The Hunley class features two Type VI phaser banks on the aft crossbar, although these are highly ineffectual over anything but the shortest distances while under water. Unusually, although these are primarily designed for forward fire, they can be fed backwards through a separate set emitters. Coupled with the heat dissipation systems usually found on Type VII phaser banks, this allows a higher-than-average rate of fire for a Type VI bank. The craft also features three micro-torpedo launchers, one of which is located on the underneath of the craft’s leading edge. Two small launchers are located inside the two ovals on the aft hull. In another advance from normal tactical engineering, these aft-firing launchers are both self-contained launchers similar to those found on the New Orleans class and are linked directly with the Hunley’s sub-aquatic drive. Due to the unconventional nature of said drive, power overall consumption is incredibly high. During the design process, Starfleet engineers encountered an energy problem when firing the launchers. When submerged with engines engaged, the power needed to fire the launchers proved so great that the engines would momentarily experience sizable power shortages. Combined with water’s high level of resistance the Hunley was slowed by an unacceptable margin each time the launcher’s fired. To counter this problem, Starfleet installed a set of multiple micro-capacitors that store energy during normal operations and then smoothly and automatically provide power to the engines for the milliseconds it takes to fire the launchers. This provided the same amount of fire at a much reduced energy loss. Since it ultimately became a different type of launcher, Starfleet unofficially named it a ‘Type B’, a launcher just as powerful but uses less energy. It has been thought that the Type B could eventually be fitted onto other craft to provide more firepower at the same energy loss rate but this is just speculation at present, especially due to the nature of the sub-aqua drive and launcher mechanisms. Due to how powerful and power-consuming the engines have to be for the submersible Hunley class, Starfleet was unable to fit another launcher as it would have taken them back to square one. They fire modified micro-photon and micro-quantum torpedoes and provide excellent protection for such a valuable and unique craft.

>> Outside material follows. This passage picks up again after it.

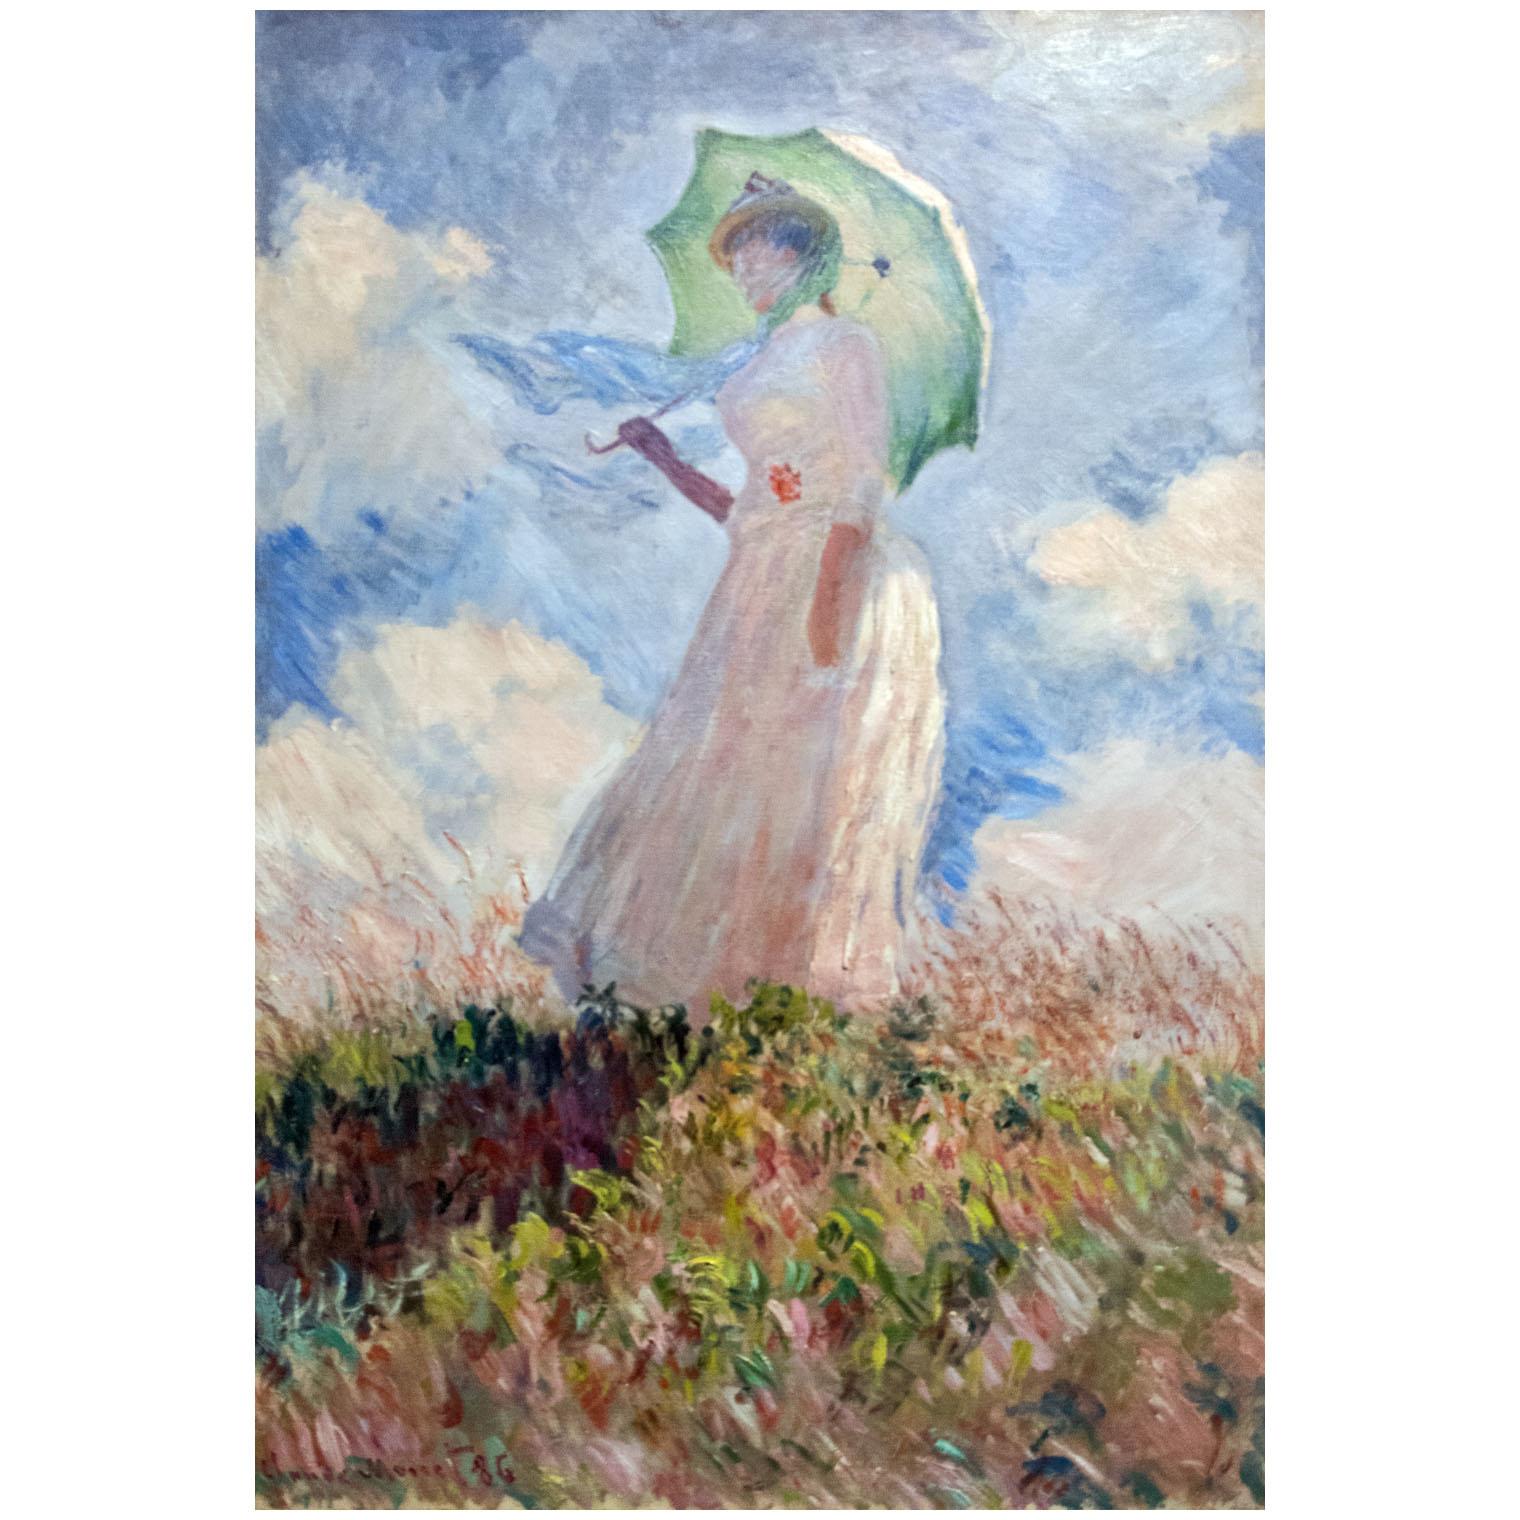 Claude Monet. Femme à l'ombrelle. 1886. Musee d’Orsay Paris

The Hunley class was successfully tried and tested in the Ninth Fleet by Robert Kelargen, the chief architect behind the project, along with much valued assistance from a former Ninth Fleet commanding officer, Darynl Lexer. The Hunley is intended to be employed on all long-range or deep space explorers and all scientific ships. To quote one Obsidian Fleet scientific starship captain, “If you’re looking for new life, you’d check the oceans…”
The Hunley can be crewed by three people but only sleeps two. The maximum attainable depth of the Hunley, a figure arrived at after extensive testing, was just under 25 miles, a depth considerably greater than that found on most Class M worlds but which is known to exist on certain worlds. Theoretically, the absolute maximum attainable depth is 30 miles, although critical structural stresses would make this an exceptionally risky option that would, quite likely, result in the shuttle's implosion. The vessel's deflector dish can be covered by a retractable panel to reduce drag levels while submerged if preferred.